I’m a little bit confused, and I APOLOGIZE if I’m asking too simple and stupid questions.

OK, we have two atoms, each with one p orbital (8), occupied with one electron and they form π bond.

You all know how π bond looks 8=8, and I wondered why it isn’t cylindrical. Then I remembered that solution of wave function for p orbital has +- ψ and only ++ and -- combination will give bonding orbital. So if we now have nodal plane in π bond, as we had nodal plane in p orbital, can I conclude that semi orbitals of π bond have inherited sign of function (+ψ or –ψ) from p orbitals ?
If it is so, I can’t see it from the explanation I’ve been given, which is LCAO: (aψ + bψ)^2 = aψ ^2 +aψ bψ + bψ^2. Could it be that this explanation is for s orbitals and sigma bond only?

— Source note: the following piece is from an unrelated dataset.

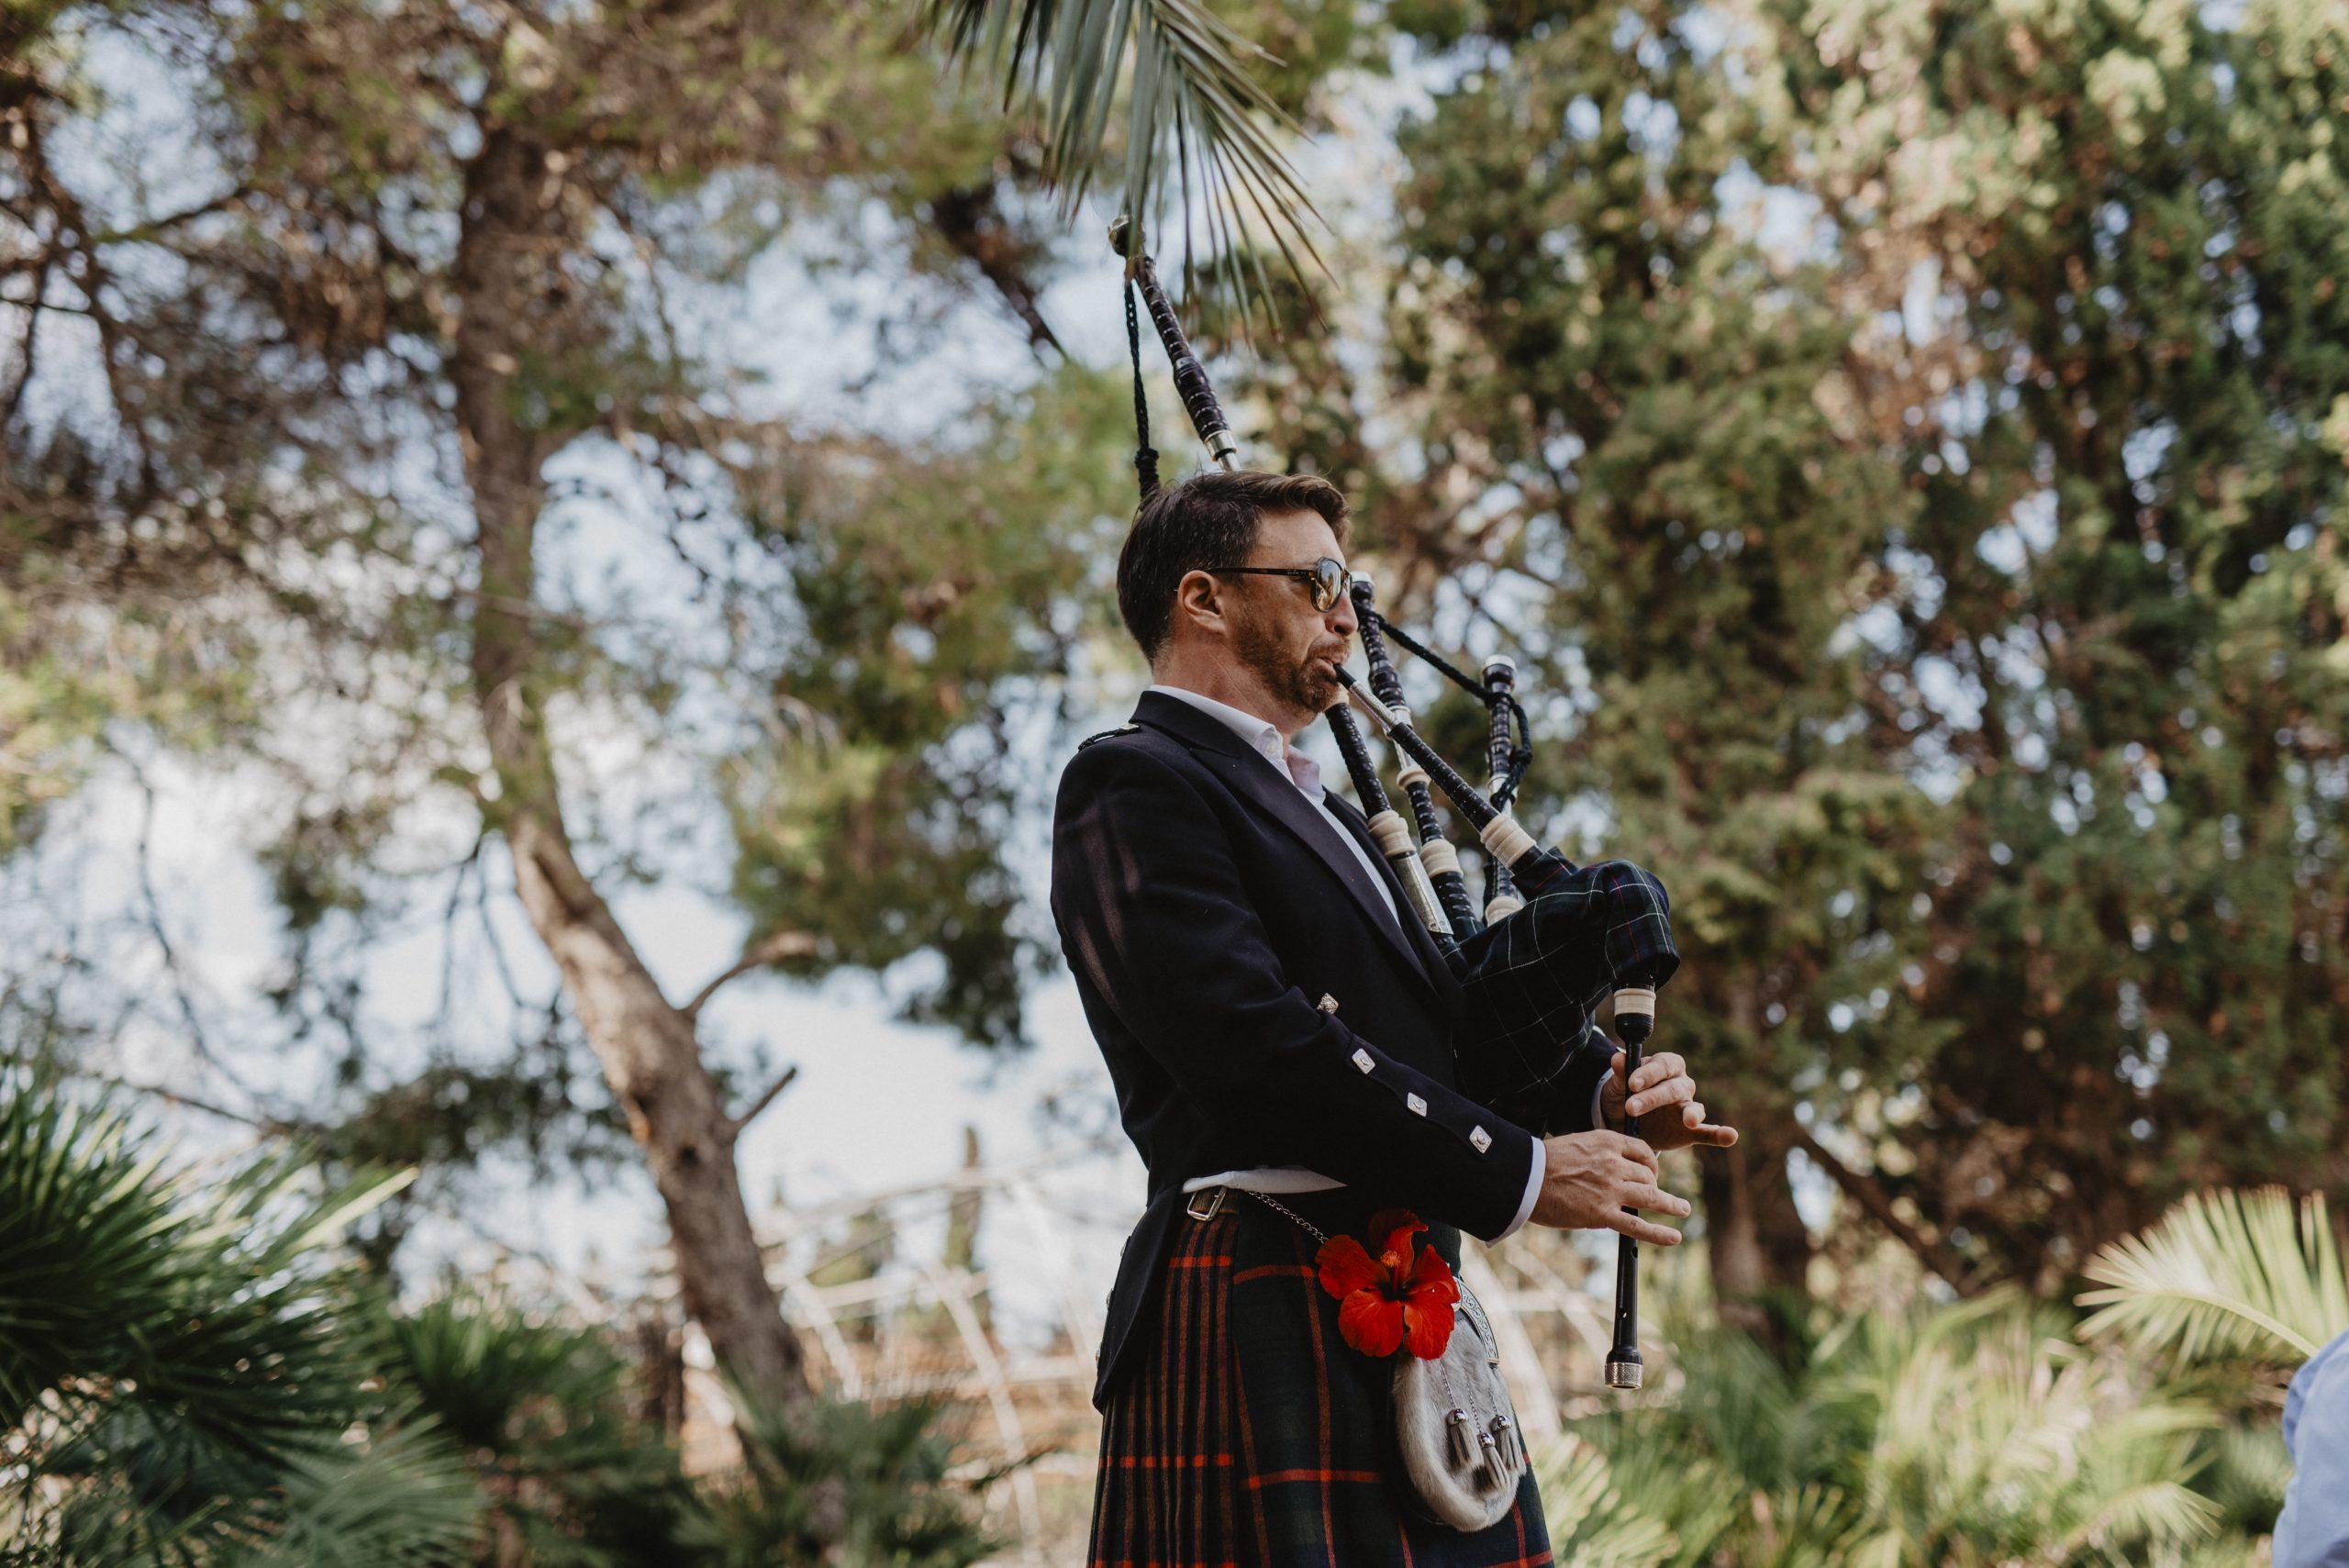 música en vivo para bodas en una finca en Mallorca

And this bothers me too, is there correlation between electron spin and sign of wave function (I think not)? And is it easy and frequent for electron to change spin on room temperature in semi populated orbital? Because, if have two orbitals ready for bonding there wont bond until electrons obtain opposite spins, even dough orbitals have same wave function sing ?
And this too, ψ^2 (probability density) gave us an idea how does orbital looks like, but at the same time in my books p orbital lobes are assigned with signs + and -, how can they do this, when I know that probability density is non-negative everywhere. And later when we combine orbitals into bond we deal with ψ but not with ψ^2 ?

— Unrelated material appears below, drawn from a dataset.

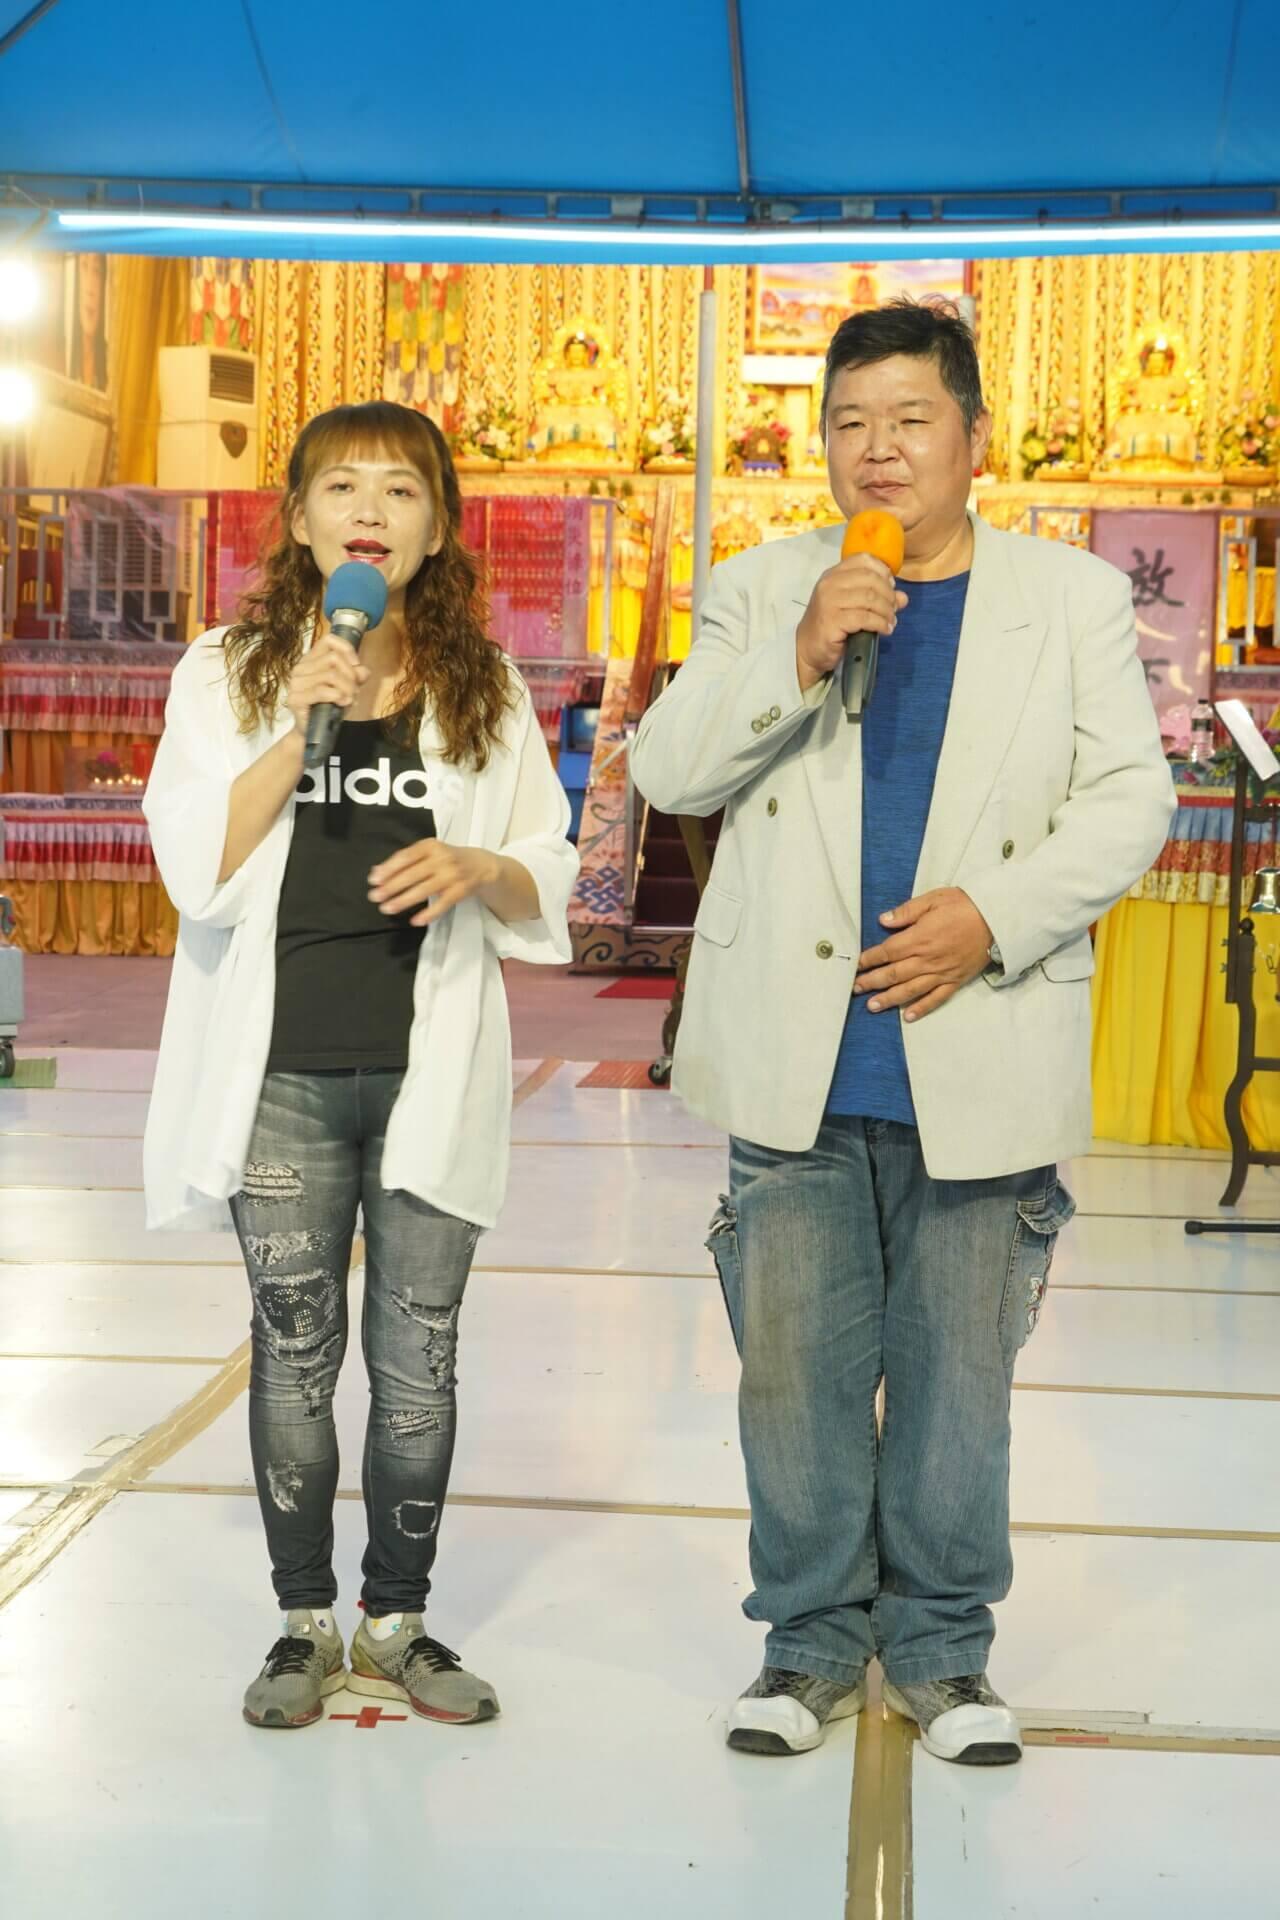 行動佛殿 樂藝供佛 高雄市愛的歌聲關懷協會

Sincerely, thank you, thank you, for reading this, and eventually helping me !

2. Feb 10, 2006

### Gokul43201

Staff Emeritus
No, LCAO is valid for pi bonding too.

You are making an algebraic error in the above expansion. For simplicity, let's assume the two atoms are identical, and look at :

$$|\psi_{\pi}(\mathbf{r})|^2 = |\psi_{\2p_y,A}(\mathbf{r})+ \psi_{\2p_y,B}(\mathbf{r})|^2 = |\psi_{\2p_y,A}(\mathbf{r})|^2 + |\psi_{\2p_y,B}(\mathbf{r})|^2 + 2|\psi_{\2p_y,A}(\mathbf{r}) ||\psi_{\2p_y,B}(\mathbf{r})|cos[\phi(\mathbf{r})]$$

where $\phi(\mathbf{r})$ is the phase difference at the point $\mathbf{r}$, between $\psi_{\2p_y,A}$ and $\psi_{\2p_y,B}$. Now you know that the two "lobes" of each p-orbital have opposite phase, so we choose +1 and -1 as the phase factors in the wavefunction for the two lobes. Next, if you'll allow me to state (without proving) that the phases in the lobes of the $p_y$ orbital of the other atom can also be chosen as +1 or -1, you can only have phase differences or 0 (bonding) or $\pi$ (anti-bonding). Now with this picture, the above expansion becomes :

$$|\psi_{\pi}(\mathbf{r})|^2 = |\psi_{\2p_y,A}(\mathbf{r})|^2 + |\psi_{\2p_y,B}(\mathbf{r})|^2 \pm 2|\psi_{\2p_y,A}(\mathbf{r}) ||\psi_{\2p_y,B}(\mathbf{r})|$$

This above expression correctly defines the density of the pi-cloud.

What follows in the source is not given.